Quiero compartir con ustedes dos episodios que me llamaron la atención, con dos referentes a nivel hispanoparlantes, su mirada incisiva y crítica buscan desentrañar los conceptos y desafíos que tiene la IA más allá del actual hype en torno a este tema.
Creo que es bueno, tomar un respiro y analizar con una mirada crítica estos desarrollos, y podamos identificar sus beneficios, que son múltiples por cierto, pero teniendo claro sus limitaciones, es bueno tmoar cierta distancia de los vendedores de aceite de serpiente.
Este avance tan rápido no nos da tiempo para detenernos y pensar en las consecuencias.
Ricardo Baeza-Yates
Ambos episodios giran en torno a la misma pregunta:
¿Cuáles son los peligros reales de la IA?
Las respuestas de ambos convergen, lo que obliga a mirar con espíritu crítico con lo que esta ocurriendo en torno a la IA y sobretodo la IA Generativa.
Hype, humo y espejitos de colores: Tanto Ramón López de Mántaras como Ricardo Baeza-Yates arrancan sus intervenciones con la misma alerta: la industria vende IA como aceite de serpiente. Promesas de AGI inminente, robots con destellos de genialidad y curvas de productividad “milenaria” ocultan métricas infladas. El riesgo no es la super-IA que nos esclavizará, sino la sobredosis de marketing que distorsiona políticas públicas, reorienta recursos escasos y nubla la conversación ciudadana.
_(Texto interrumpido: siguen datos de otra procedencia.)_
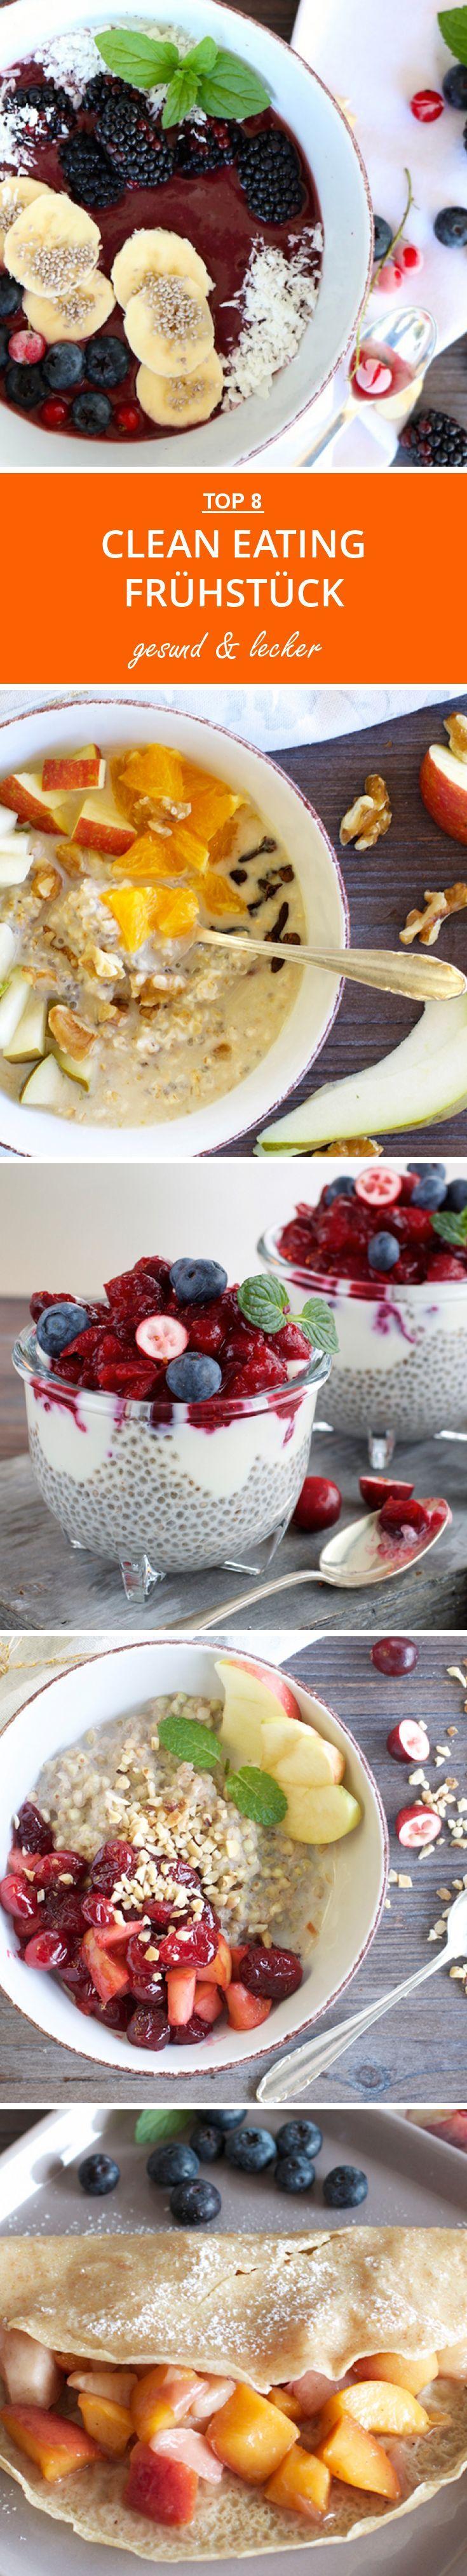 Sauberes Essen Frühstück | eatsmarter.de   – Frühstück

¿Inteligencia? Todavía no, gracias: Ambos ponen en duda en la idea de que los grandes modelos de lenguaje piensen. Para Mántaras, son simples autocompletadores estadísticos; para Baeza-Yates enfrentan un techo de datos que los llevará a reciclar sus propios errores.
Caja negra: Los dos rechazan el uso de modelos opacos en dominios críticos: salud, justicia, finanzas, educación. Sin explicabilidad no hay trazabilidad; sin trazabilidad no hay garantías de derechos. Transparencia mínima, auditorías independientes y exigencia de razones comprensibles son la tríada que proponen para no transformarnos en rehenes de los algoritmos.
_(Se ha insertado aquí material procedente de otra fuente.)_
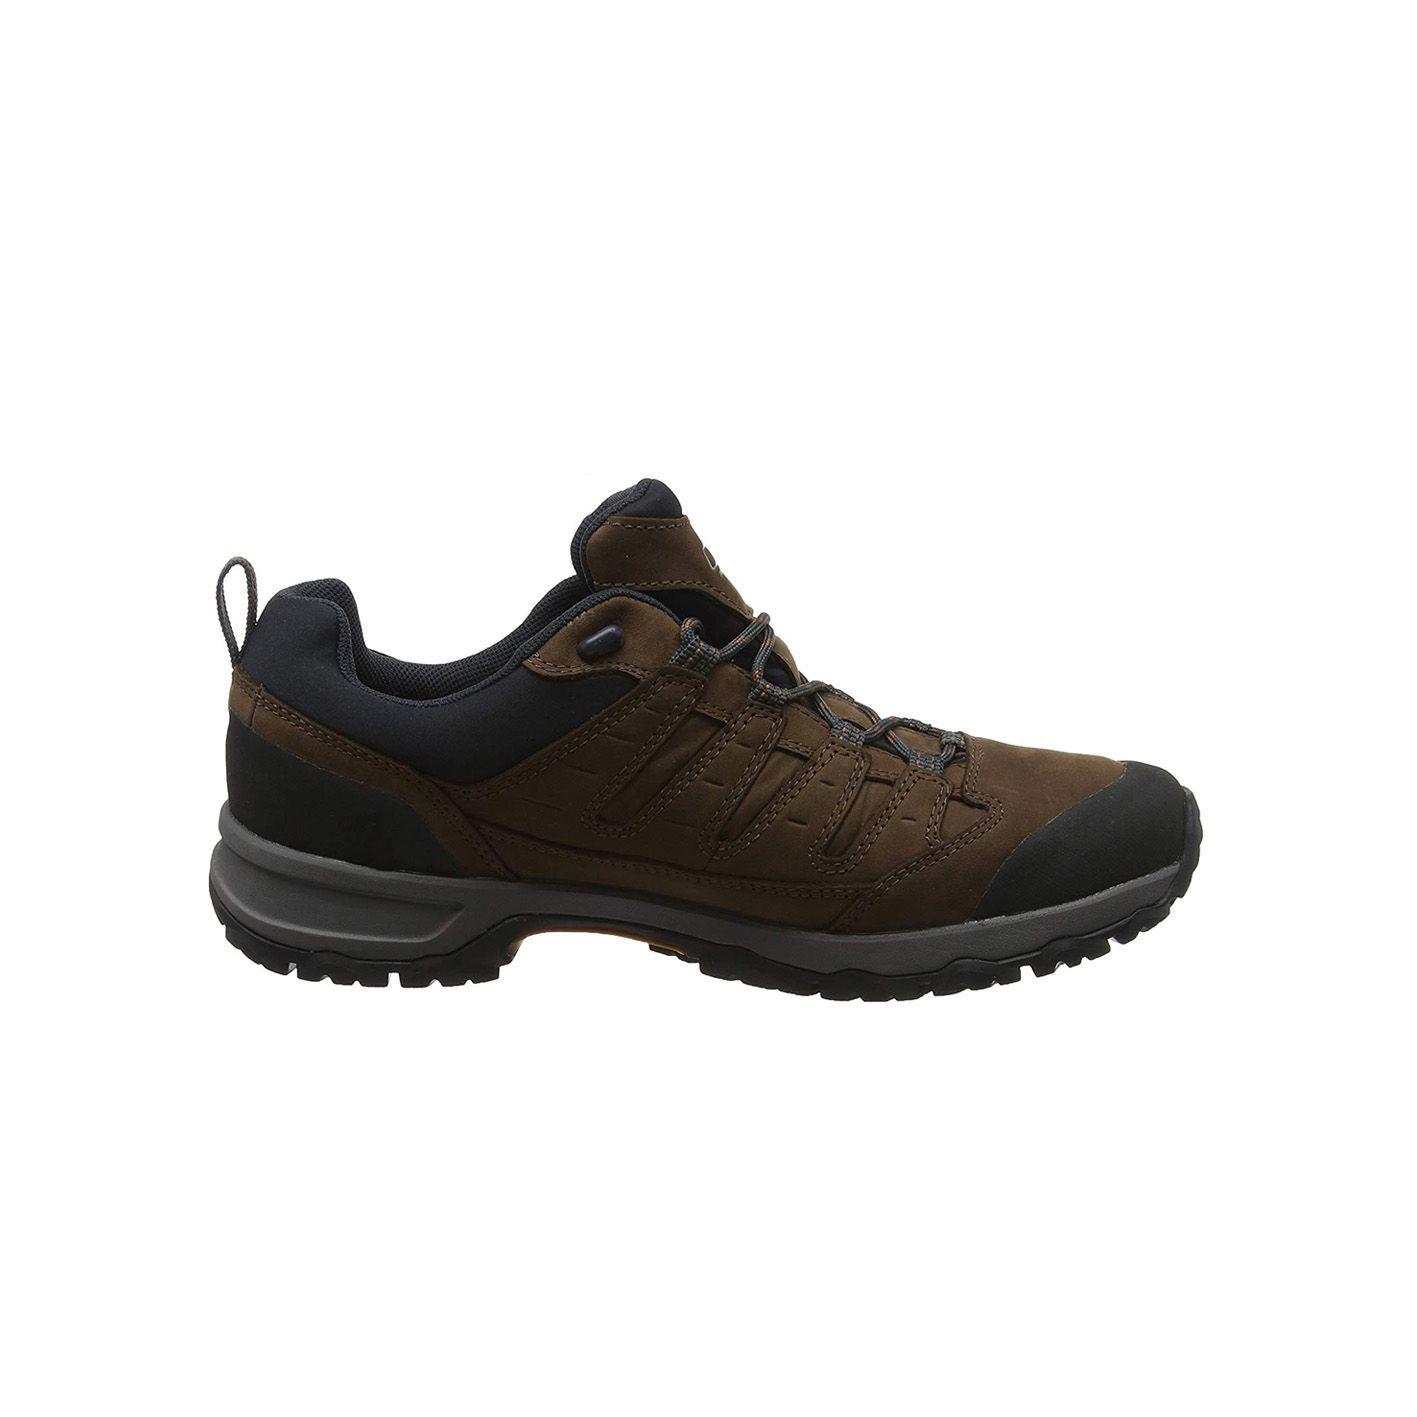 Best walking shoes 2020: Men and women

Concentración de poder: el verdadero monstruo: Ni Terminator, ni HAL 9000, el peligro real es que un puñado de big tech controle datos, talento y cómputo. Esa asimetría puede convertir la IA en infraestructura propietaria, capaz de imponer estándar, cultura y precio. Monopolio software + monopolio energético = cóctel perfecto para el “feudalismo digital”.
Regular el daño, no la ciencia: Lejos de gritar ¡prohíban la IA!, los investigadores piden regulación. La regulación debe estar basada en el daño: sesgos, discriminación, fraudes, impacto ambiental. Nada de leyes tecnocéntricas que envejecen antes de publicarse; necesitamos normas sectoriales, dinámicas y con dientes.
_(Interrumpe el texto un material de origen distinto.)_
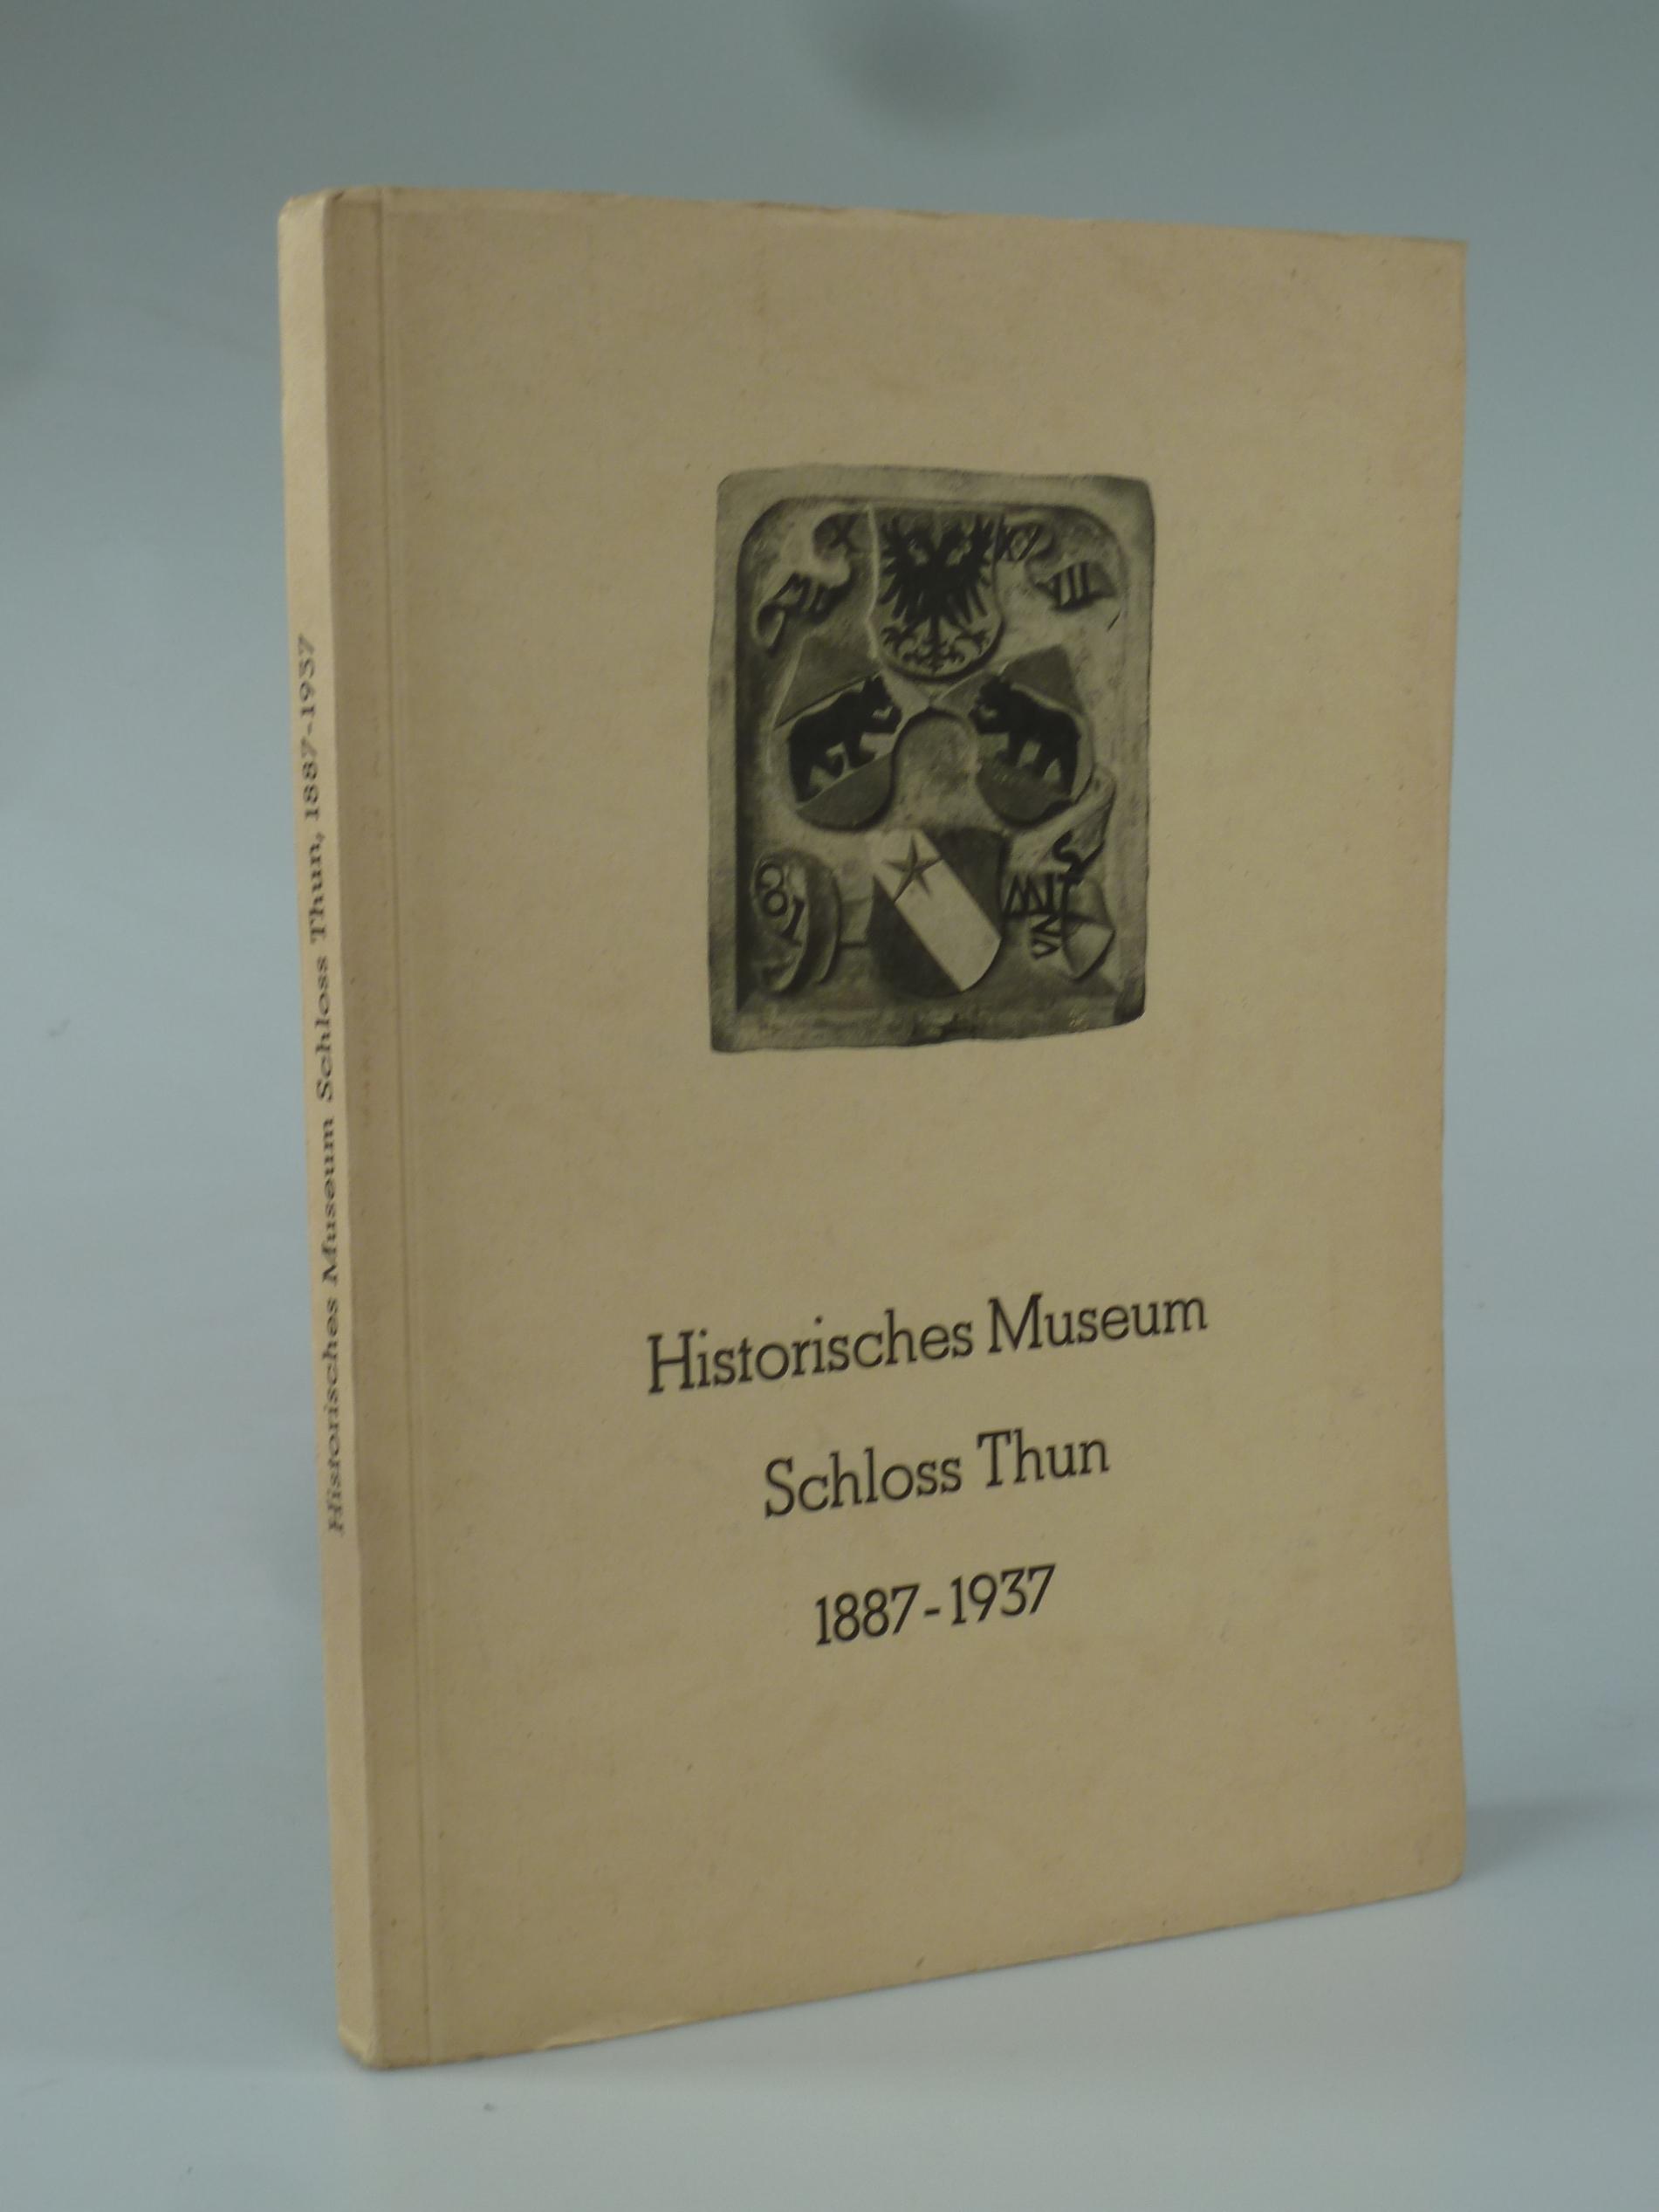 Das Historische Museum im Schloss Thun 1887-1937.: KELLER, Hans Gustav.

Sesgos que dan vueltas (y vuelven): Datos históricos → modelo entrenado → decisiones sesgadas → comportamiento de usuario → nuevos datos… y vuelta a empezar. Ambos denuncian este círculo vicioso y subrayan que los sesgos no se “parchean” con un filtro cosmético: requieren intervención humana, datasets diversos y corrección continua.
Huella de carbón: Escalar de GPT-3 a GPT-4 y más allá (acaba de salir el GPT-5) no solo cuesta millones de dólares: cuesta megavatios, agua de refrigeración y, en el sur global, proyectos de energía que podrían destinarse a prioridades básicas. Mántaras y Baeza-Yates ponen el clima en la ecuación tecnológica. Entrenar un modelo ya no es un acto neutro; es una decisión política y ambiental.
El reto es urgente y colectivo. La ventana para influir en el diseño institucional de la inteligencia artificial se está cerrando tan rápido como los ciclos de despliegue de las big tech. Si no actuamos hoy, mañana tendremos que conformarnos con los términos y condiciones que otros escriban.